The lack of waders, and an invitation to join James Eaton and Peter Bijlmakers for a few days forest birding proved an irresistible combination, so I set off pre-dawn for the 4.5 hour drive to Merapoh.
It's just over a year since my last visit to this quiet corner of the National Park, and there were still quite a few birds I had yet to see. While waiting for James and Peter to arrive from KL I went into the forest and found it quite lively despite the advanced hour.
I soon found myself in the midst of a small flock of babblers, which were all Horsfield's. A monotonous double-note call nearby turned out to be a Moustached Hawk-cuckoo, but, despite continuing to call incessantly, it never gave good views (or a photographic opportunity!).
Once we were all assembled we set off down the main jeep track and soon found a Large Wren-Babbler, which had a seemingly endless repertoire of song-phrases. It would try one phrase for several minutes, and then improvise by adding another few notes, with the song becoming gradually more and more complex.

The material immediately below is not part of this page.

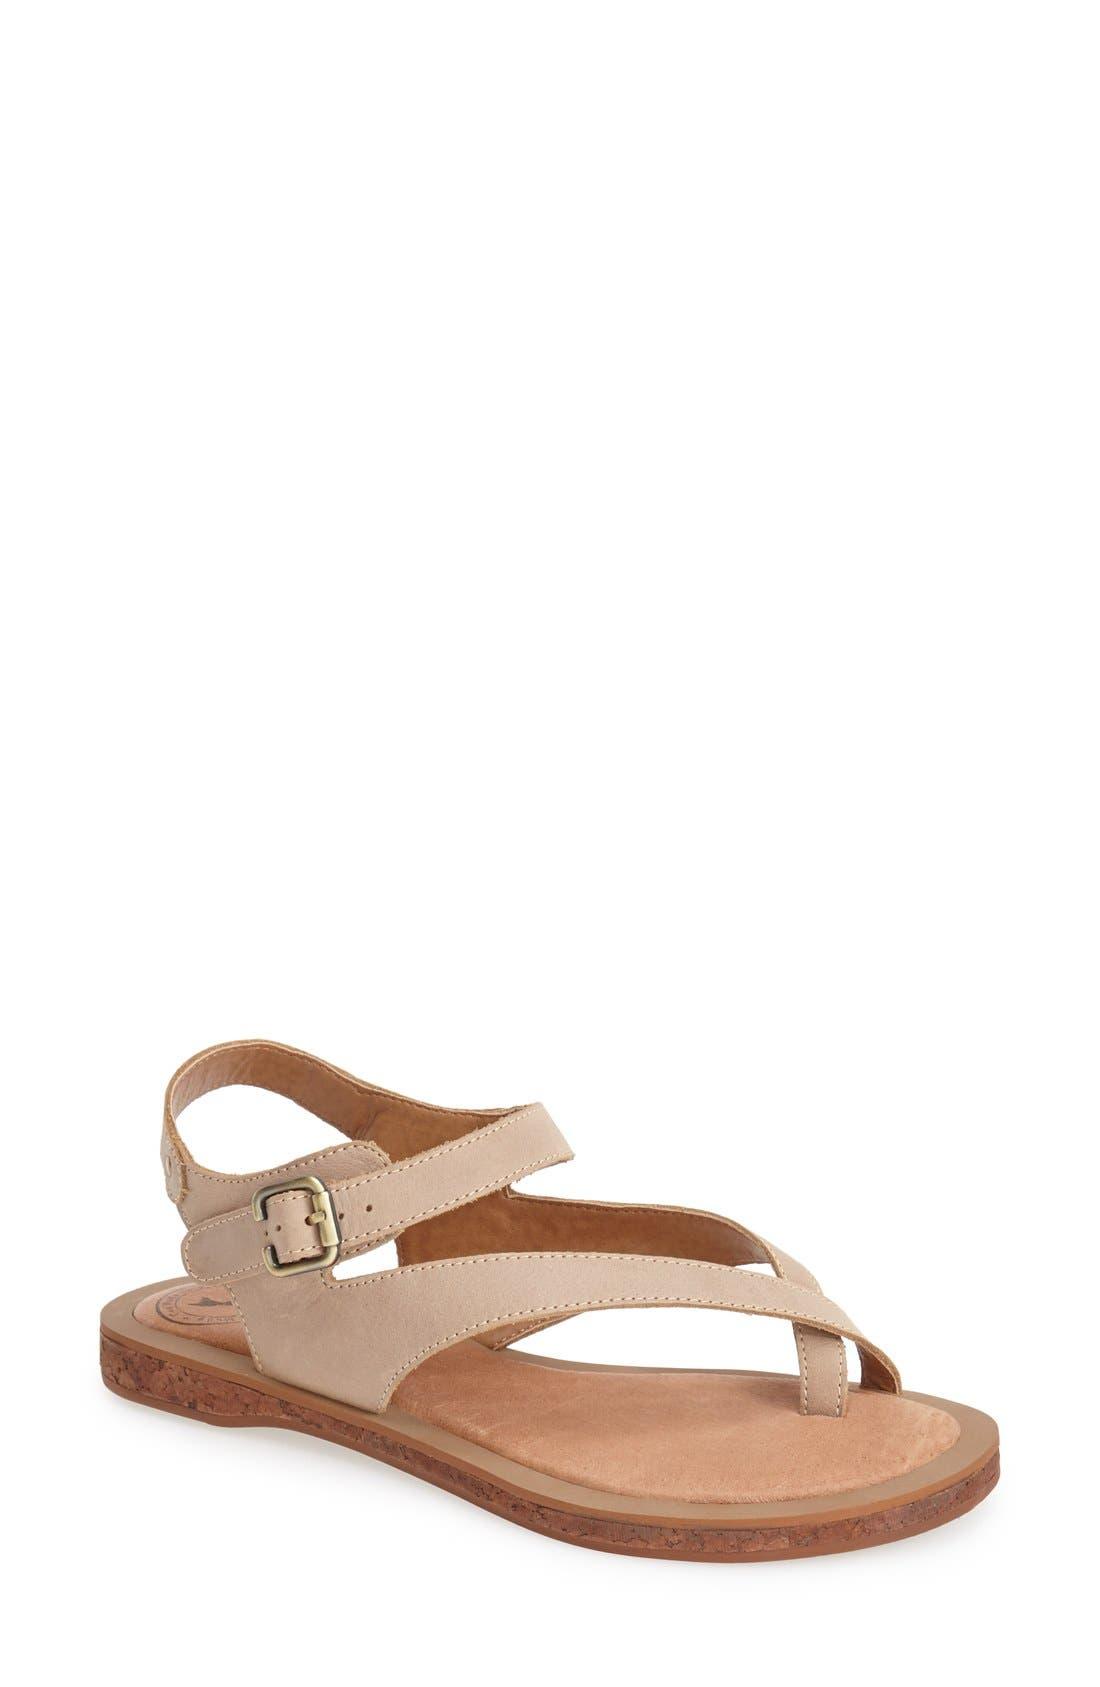 Main Image - Gee WaWa 'Montana' Leather Sandal (Women)

As usual with this species, getting a clear shot was quite a challenge!
While we were watching the wren-babbler, we were distracted by a few wild boar emerging from the forest and crossing the road...
...In fact, more than a few! The group was made up of sows and a large number of piglets, and there were at least 60 animals in the convoy!

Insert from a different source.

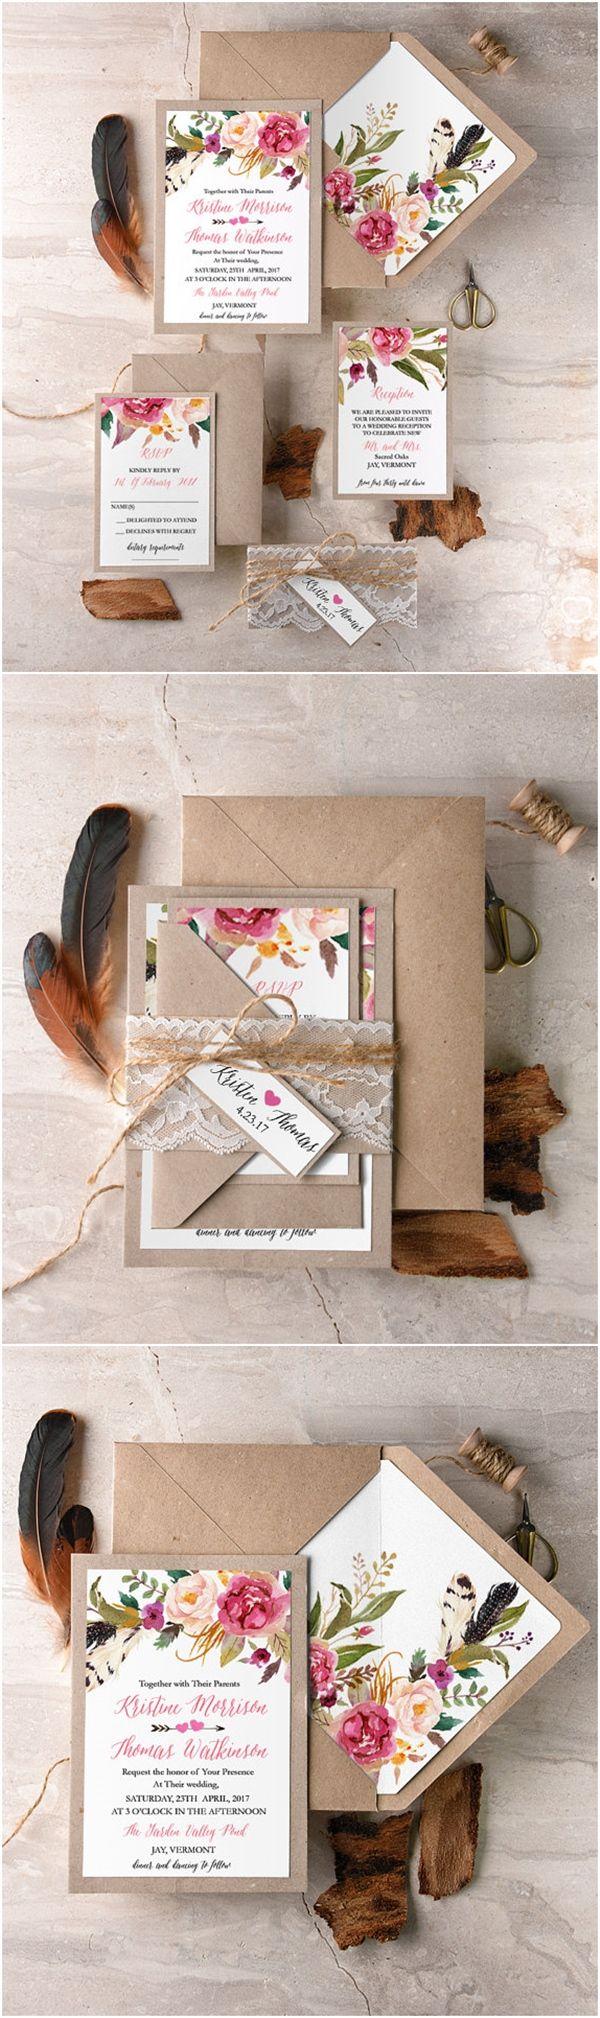 Rustic Boho Watercolor Feather Wedding Invitations

One of the tail-enders giving us the eye!
There were lots of juvenile birds around, such as this Buff-vented Bulbul...
...And this Dark-necked Tailorbird.
Several flocks of Blue-rumped Parrots were feeding on the Giant Macaranga fruits. They were noisy but quite difficult to see, as they move so slowly. We would find about three birds, and then the tree would explode and about 30 would fly out in a cacophony of screeching!
As last year, Garnet Pittas seemed to be rather common, with at least six different birds calling along the track. This one was particularly obliging.
Flash doesn't exactly do justice to the bird, so I tried one or two without flash. Using the camera handheld, these attempts weren't totally successful either!